EMC XtremIO flash array available July, server flash cards expanded

EMC's XtremIO flash array will be available in July as server flash capacities are expanded and flash cache roadmapped

EMC has made three flash storage product announcements, with news that its XtremIO all-flash array is shipping to beta customers, new capacity options for its server flash PCIe cards and new flash caching software.

Also, the storage giant has rebranded its flash products, bringing the server flash and flash caching software in line with the XtremIO flash array and calling them XtremSF and XtremSW respectively.

XtremIO flash array from July

The XtremIO all-flash array has been shipped to some beta customers and will be generally available from July 2013. It is a Fibre Channel/iSCSI scale-out all-flash array with IOPS increasing as customers add so-called X-Bricks of 10TB raw capacity.

So, for example, a single X-Brick provides 250,000 4k random read IOPS (100,000 write IOPS) and a four X-Brick cluster provides 1 million 4k random read IOPS (400,000 write IOPS). Currently XtremIO will scale to eight X-Bricks but expansion to 10 is planned.

Although raw X-Brick capacity is 10TB the XtremIO XIOS operating system has inline data deduplication built in, so effective capacities are potentially in the order of factors of ten more than this.

The big storage suppliers have been rushing to incorporate flash array capability into their product lines, driven by customer needs for high IOPS to support server and desktop virtualisation. Last year, Hitachi Data Systems announced a flash module for its VSP SANs while NetApp recently announced it had ported a traditional HDD E-Series array to all-flash use.

XtremIO is the fruit of an EMC acquisition last year and gives the company a flash array built from the ground up, which is important as storage controller hardware and operating systems need to be optimised to the speed of flash storage.

Where it shows up as being in the early stages of development, however, is that the XtremIO is effectively a standalone array that cannot work in the management framework of other EMC arrays. That will be addressed in due course, said EMC flash business development manager, Richard Gordon.

“In the first instance we are focusing very much on application performance and IOPS-hungry environments.
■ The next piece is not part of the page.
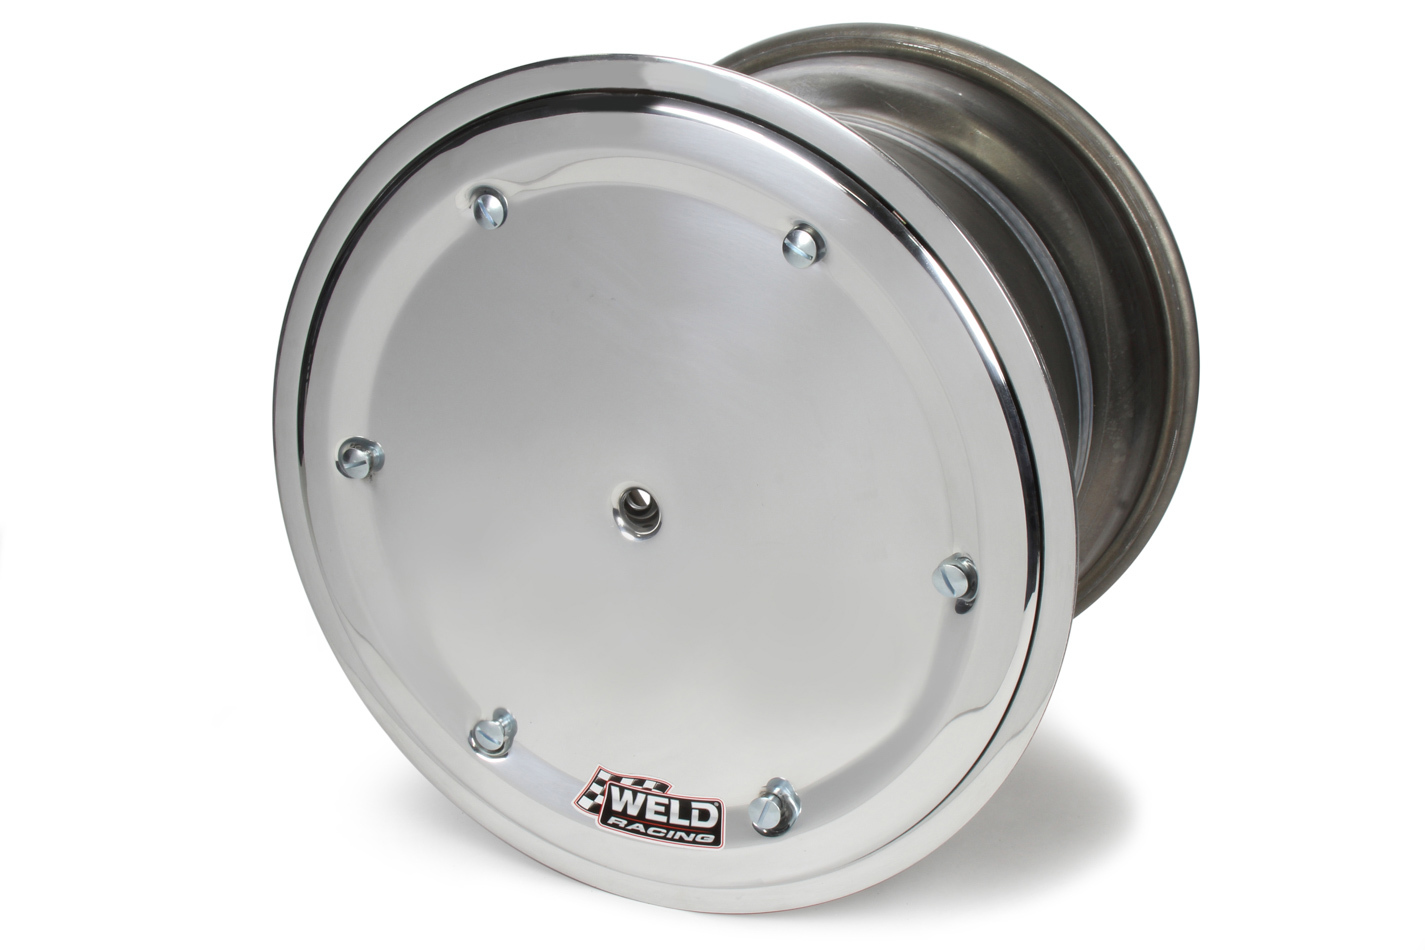 WELD RACING 15 X 12 Wide 5 XL 4in BS Bead-Loc  13.2 lbs w/Cvr P/N - 559-5254-6
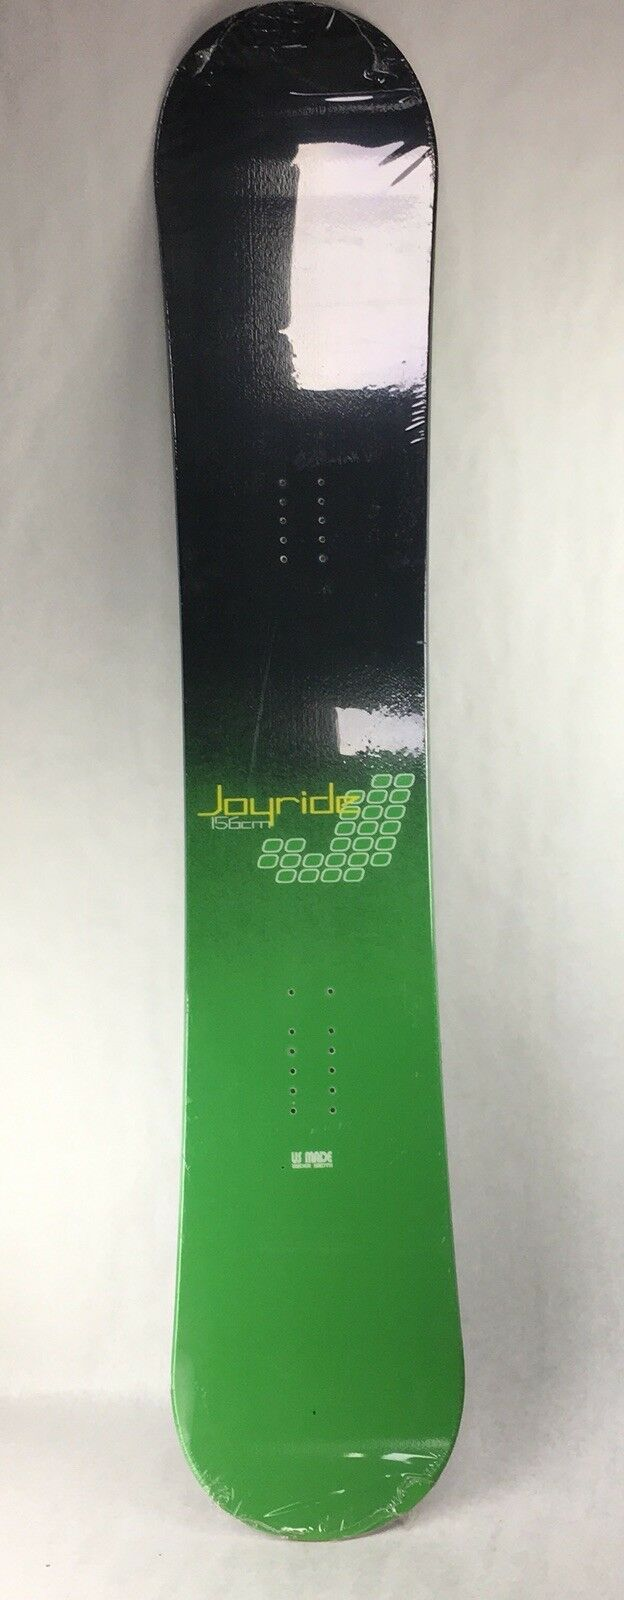 Extremely rare Vintage Joyride snowboard 156mm

It will be a standalone array at first but greater integration with EMC products is planned in future releases,” Gordon said.

VFCache becomes XtremSF

EMC has rebranded its server flash PCIe card family as XtremSF and added enterprise Multi Level Cell (eMLC) cards of 550GB and 2.2TB in addition to the existing Single Level Cell (SLC) 350GB and 700GB cards already available.

It will release 700GB and 1.4TB eMLC cards in the spring or summer of 2013.

The addition of eMLC options makes for somewhat more affordable server flash from EMC. Unlike spinning disk, flash storage sustains a wear penalty for every write operation. SLC is the best performing and durable of the flash SSD types, because the number of writes is limited per flash cell. eMLC takes the MLC flash widely used for consumer products with its multiple writes per cell and builds in methods to lengthen life and reduce cell wear for business users.

EMC is clearly gunning for server flash market pioneer Fusion-io, with explicit references to the competitor in its marketing presentations in which it claims two times the IOPS and CPU usage efficiency over its rival.

XtremSW roadmap

The announcement also saw the rebranding of EMC’s VFCache flash caching software as XtremSW and the laying out of a roadmap for the XtremSW Suite, which will incorporate server flash pooling, cache coherency and further EMC storage array and VMware integration.

Flash caching software provides intelligence to server flash that allows it to, for example operate efficiently with server memory, with array cache and to pool data between flash cards for data protection.